I'll get the EF-S 10mm f/2.8 lens if it ever gets released!


----------



## Foxdude (Apr 6, 2018)

*Re: Canon Patent Application: APS-C 10mm 2.8 BR and 35mm BR patent application*

Might these lenses be Ef-m mount lenses? I really hope so. Ef-m 32mm F 1.4 is already confirmed, so why not?


----------



## Mac Duderson (Apr 6, 2018)

*Re: Canon Patent Application: APS-C 10mm 2.8 BR and 35mm BR patent application*

How about a 28mm 1.4L BR 8)


----------



## wazmunstr (Apr 6, 2018)

As someone that shoots bmx videos, this would be incredible! I use my 10-18mm daily, so extra f-stops would be such a huge help! Too bad they can't make this in a zoom. 10-22 2.8? DREAM.

Also, first post, long time lurker!


----------



## neuroanatomist (Apr 6, 2018)

*Re: Canon Patent Application: APS-C 10mm 2.8 BR and 35mm BR patent application*



Foxdude said:


> Might these lenses be Ef-m mount lenses?

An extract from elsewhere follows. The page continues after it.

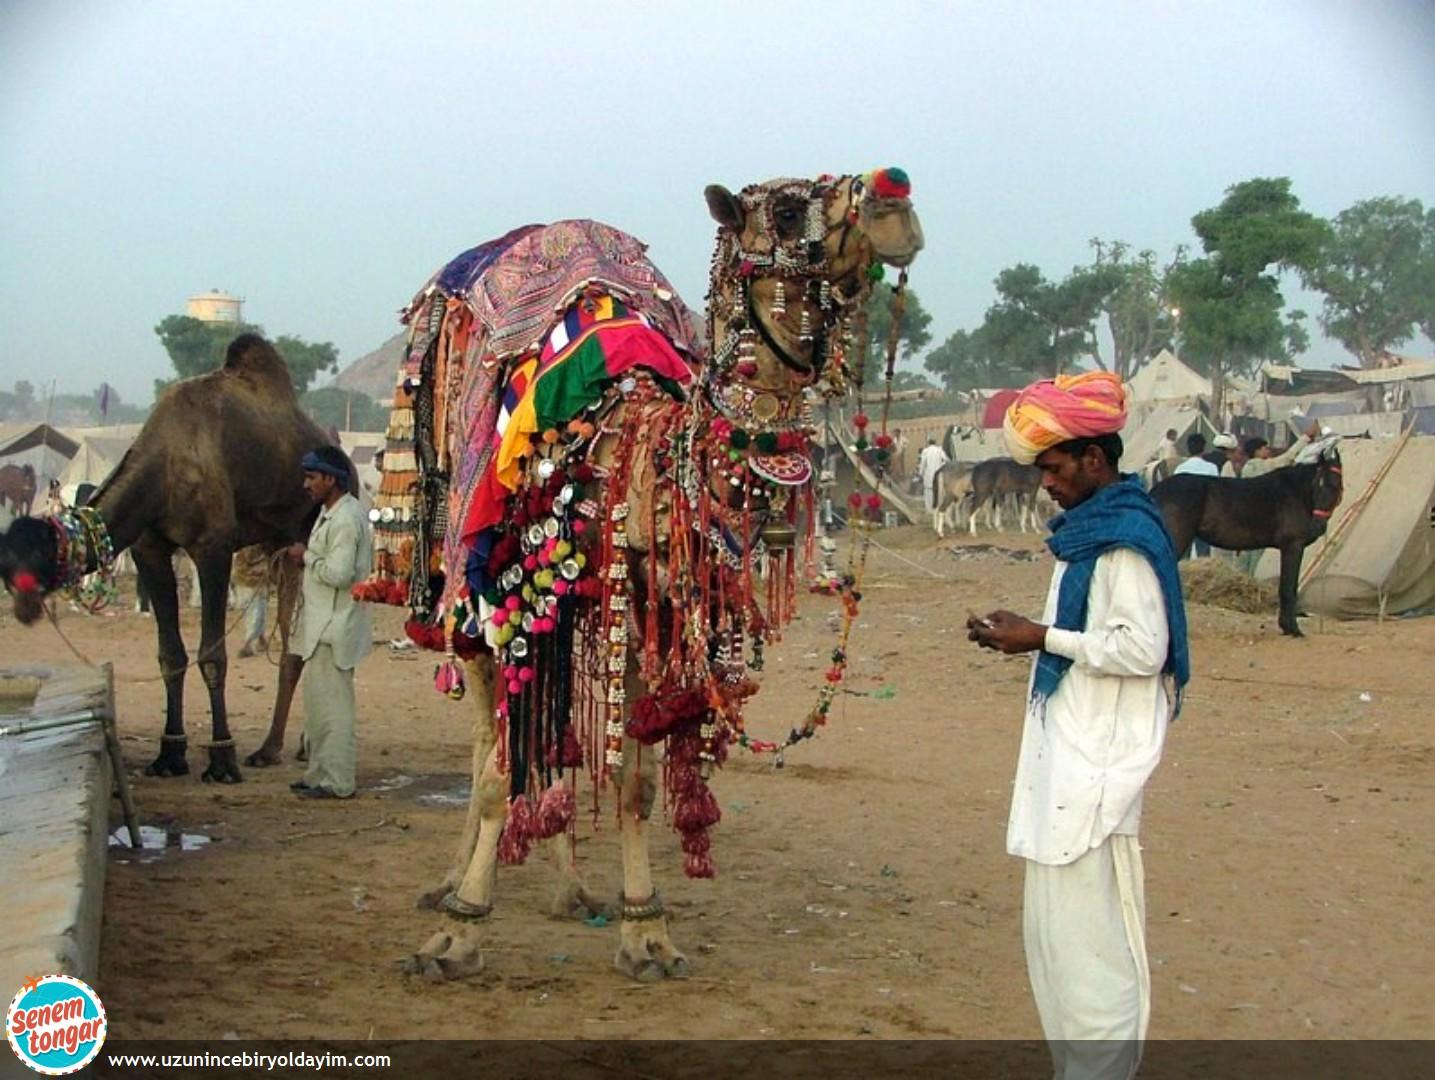 Pushkar Deve Festivali

The backfocus distance would likeny indicate if that is the case.


----------



## Don Haines (Apr 6, 2018)

wazmunstr said:


> As someone that shoots bmx videos, this would be incredible! I use my 10-18mm daily, so extra f-stops would be such a huge help! Too bad they can't make this in a zoom. 10-22 2.8? DREAM.
> 
> Also, first post, long time lurker!



There is a really nice (and fast) Tokina lens you might want to look at...... I’ve got the older version which is 11-16 at F2.8, but I think the new one is 11-20 at F2.8....


----------



## 20Dave (Apr 7, 2018)

What does BR stand for?


----------



## Cochese (Apr 8, 2018)

20Dave said:


> What does BR stand for?



Blu-Ray. It's lets the lens record up to 8K.


----------



## weilin (Apr 8, 2018)

20Dave said:


> What does BR stand for?



I'm not sure if the person above me is being serious, but:

BR = blue spectrum refractive

https://petapixel.com/2016/03/10/canons-new-blue-spectrum-refractive-lens-technology-works/


----------